**Task input:**
= = = = = = =

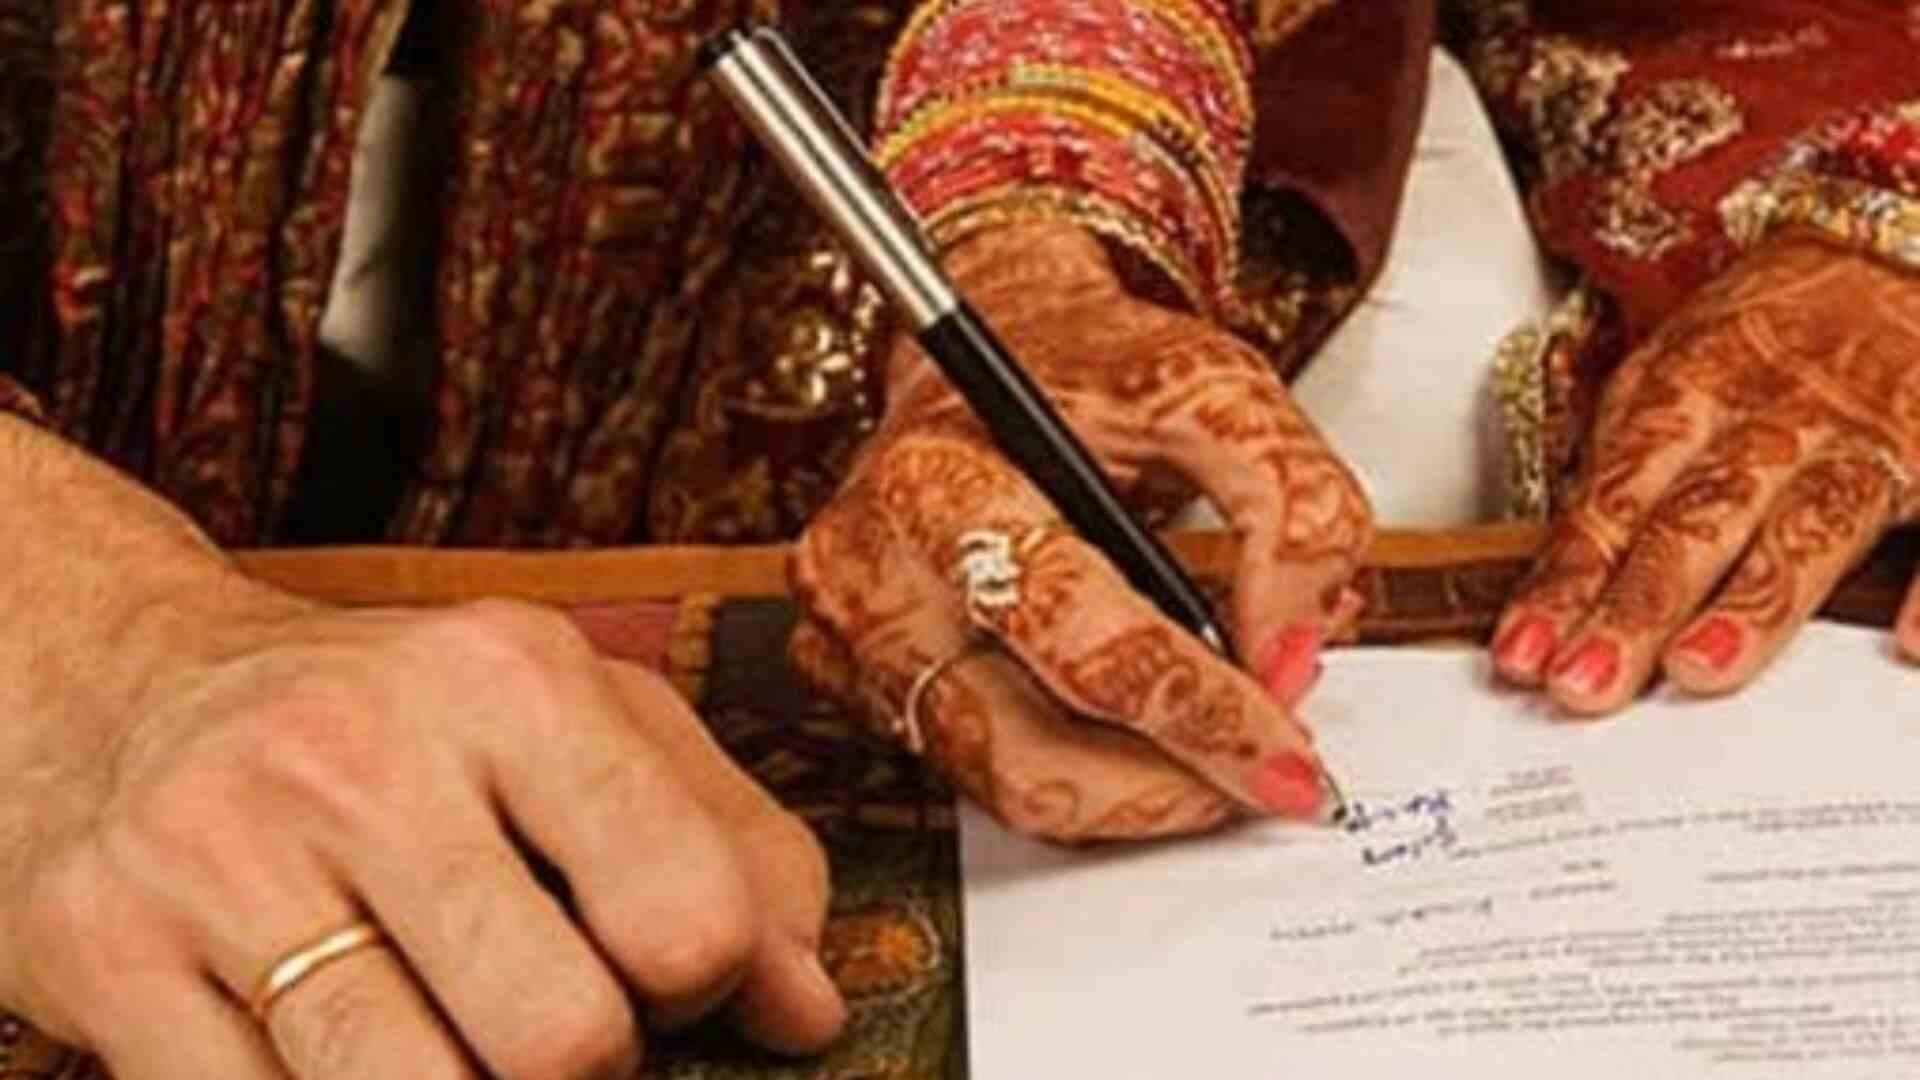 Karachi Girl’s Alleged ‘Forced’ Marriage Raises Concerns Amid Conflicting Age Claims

= = = = = = =

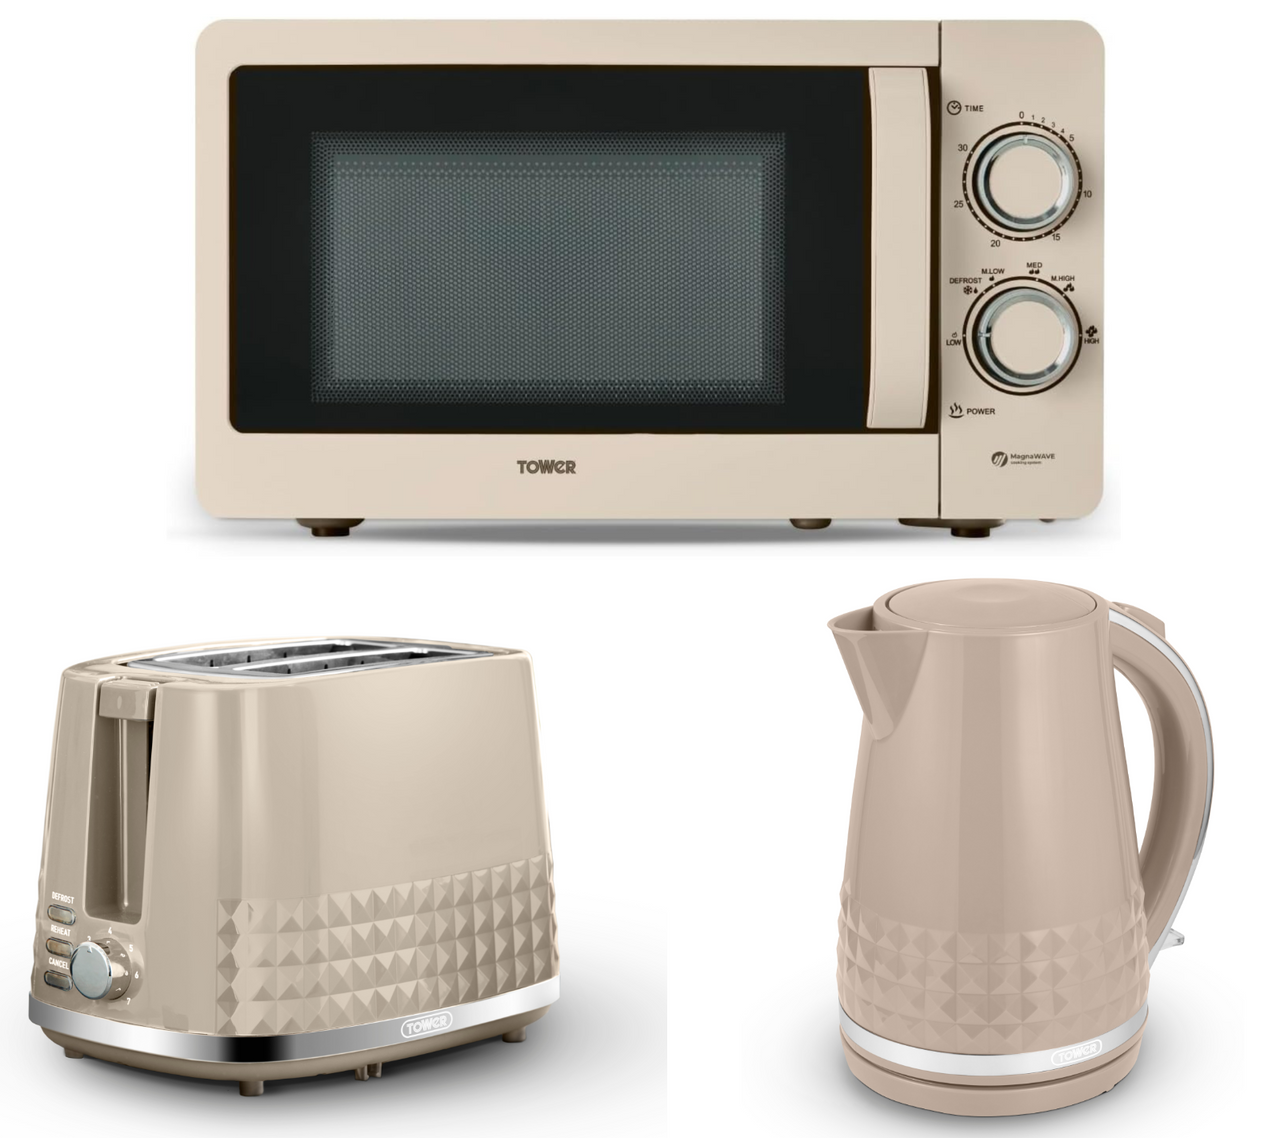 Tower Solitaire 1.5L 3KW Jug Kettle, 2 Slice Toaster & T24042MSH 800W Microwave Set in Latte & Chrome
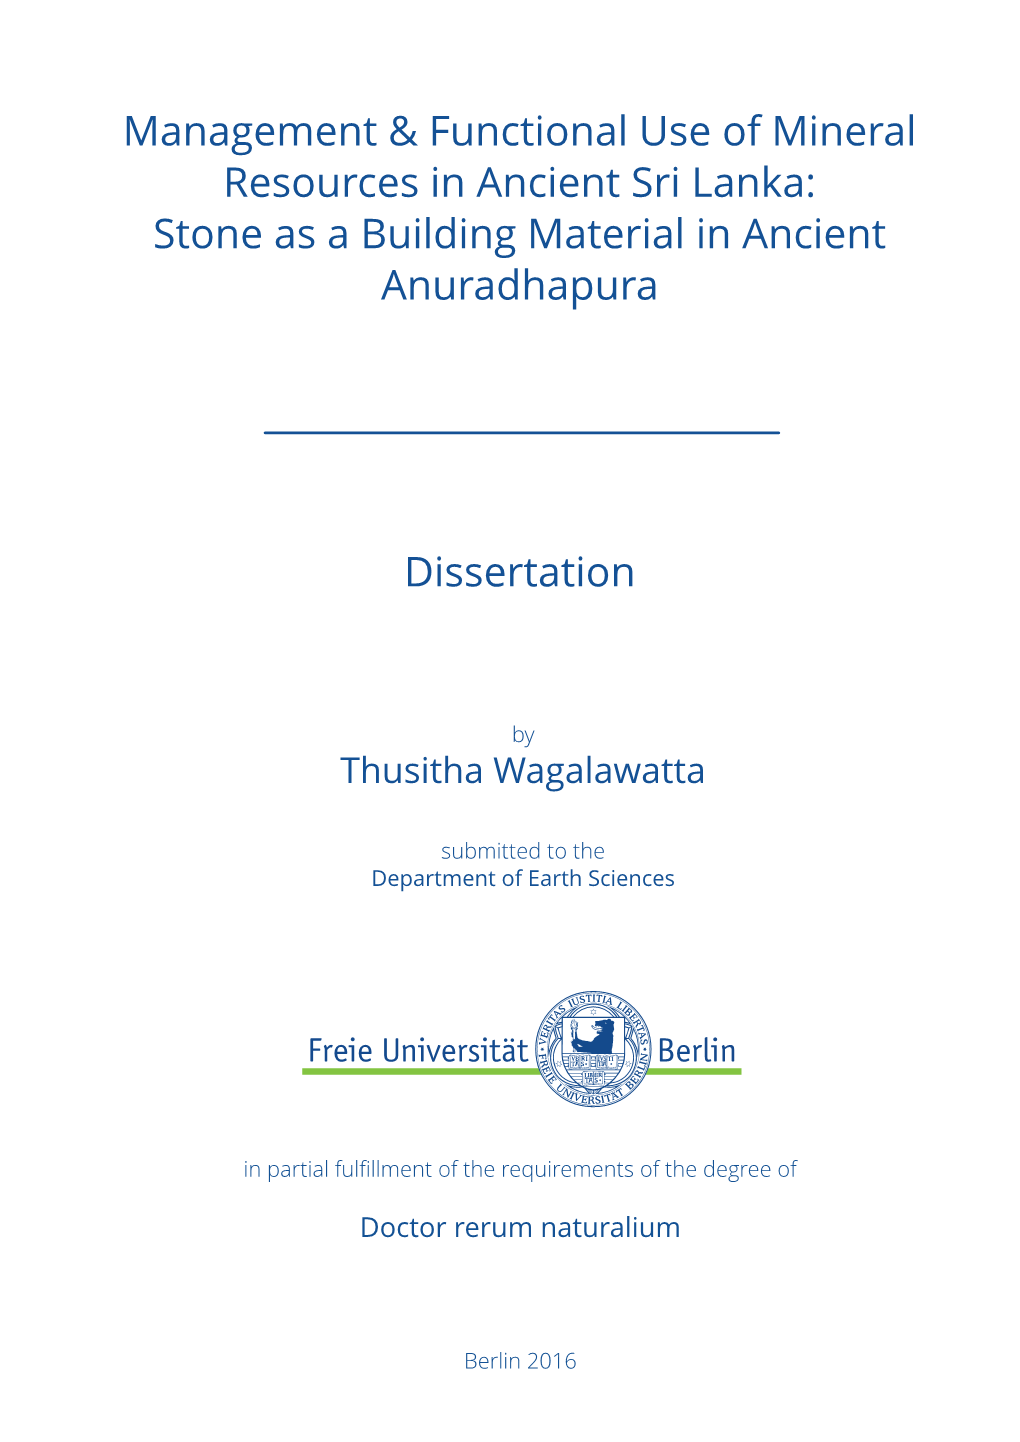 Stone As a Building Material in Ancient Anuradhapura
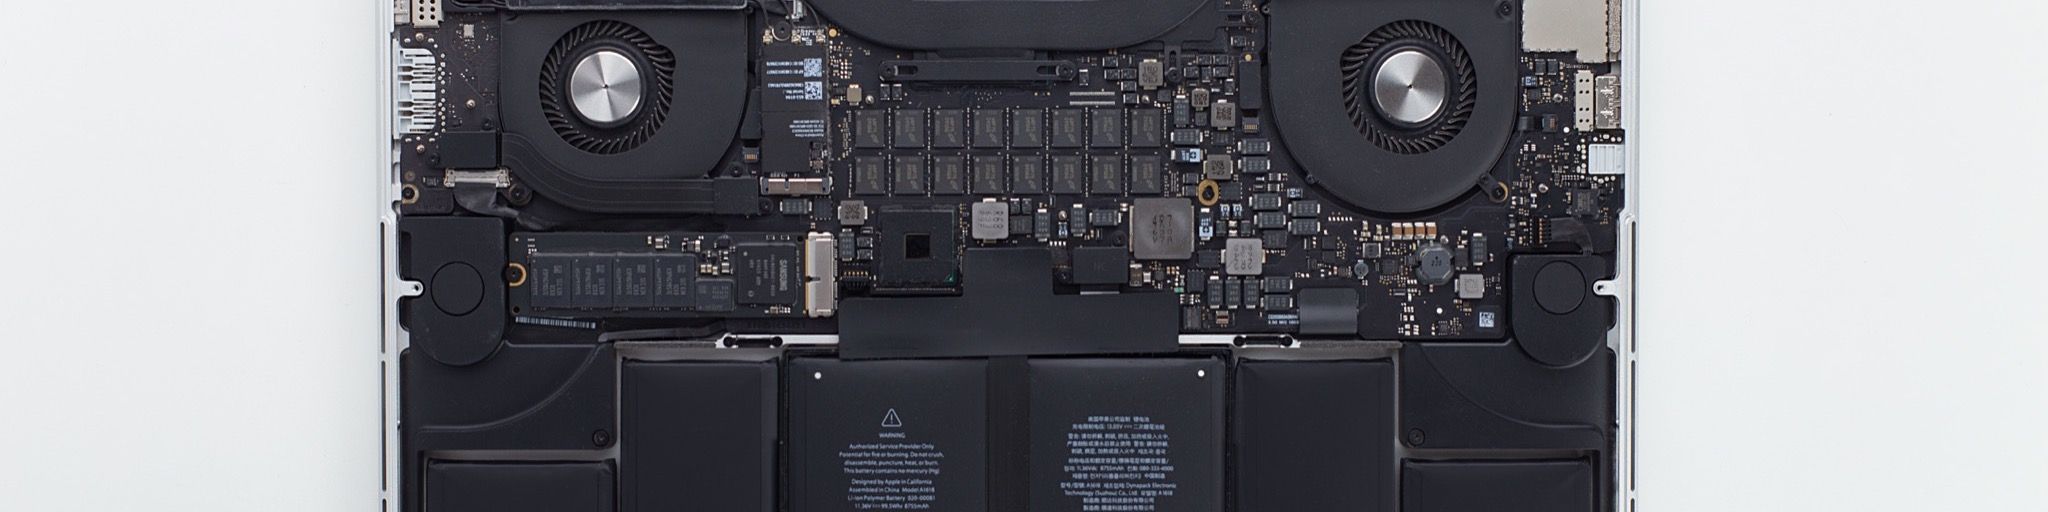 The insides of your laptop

= = = = = = =

**What the task asks:**
Look through the material above. Transcribe exactly the lines between the ones with "Stone As a Building" and "The insides of your laptop", inclusive, and keep pictures out.

**Task output:**
 Stone As a Building Material in Ancient Anuradhapura
 The insides of your laptop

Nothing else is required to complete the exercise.